Новые сигналы. Два. Лобо различает их невооруженным глазом. Вслед за красно-белым прямоугольником поднят синий вымпел. Нет надобности сверяться с секретным кодом флажных сигналов, лежащим в нактоузе. Это простейшее сочетание: «Немедленно поставить паруса».
— Действуй, помощник.
Маранья кивает и, отдавая приказания, большими шагами идет по палубе, которая тотчас начинает гудеть под ударами босых ног, внезапно пришедших в движение. Брасеро слезает с вантины, свистом дудки распределяет матросов по фалам и на брашпиль.
— Вира помалу! — слышен крик помощника. — На фалы и шкоты!
Пепе Лобо отодвигается, давая место Шотландцу и второму рулевому, и всматривается в полускрытые водой камни у подножия стены — от них до кормы не более кабельтова. Потом, переведя взгляд на нос, убеждается, что якорь чист.
— Лево на борт.
Матросы, сгрудившись у бушприта, отвязывают тросы, державшие фок и кливер. Мгновение спустя на конце бушприта уже закреплен первый треугольный парус. Когда ветер заполняет его, «Кулебра» медленно вздрагивает, как сдерживаемая уздой кровная кобыла, которая нетерпеливо приплясывает на месте, готовая рвануться вперед.

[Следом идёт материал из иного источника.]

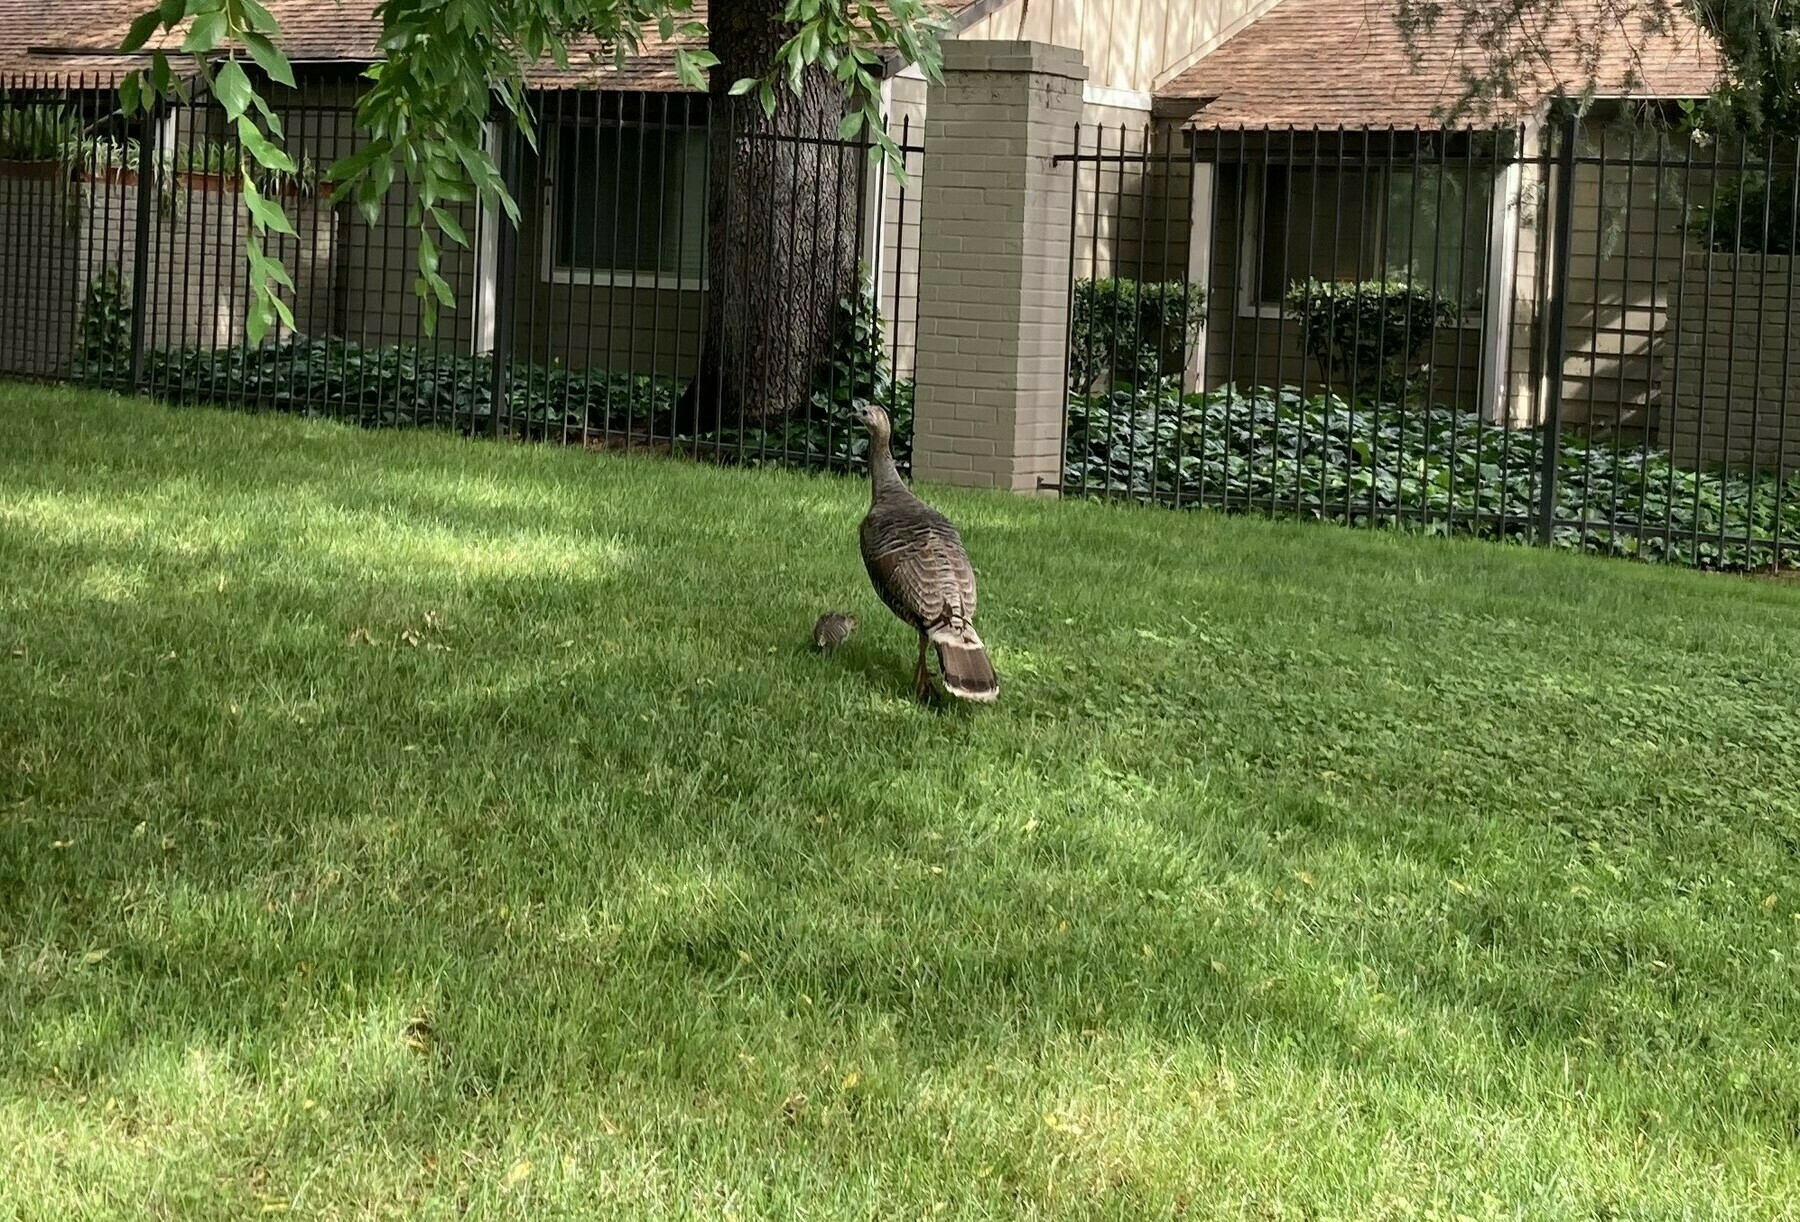 A turkey and it's chick walking on grass under a tree.

— Гитовы и гордени травить, шкоты выбирать и крепить!
Потрескивает дерево, скрипит пенька — развернувшийся парус наполняется свежим норд-норд-вестом. Пепе Лобо быстрым взглядом снова окидывает камни у острова — теперь они ближе. Потом смотрит на картушку компаса, сверяясь с курсом, которым надо пройти, чтобы при таком ветре разминуться, оставив их по левому борту, с опасными отмелями Кабесоса, лежащими в четырех милях к востоко-северо-востоку, напротив башни Пенья. Огромный парус наполнен ветром. Якорь выбран и уложен на борту, в носовой его части. «Кулебра», заложив изящный крен на левый борт, благополучно соскальзывает с места стоянки.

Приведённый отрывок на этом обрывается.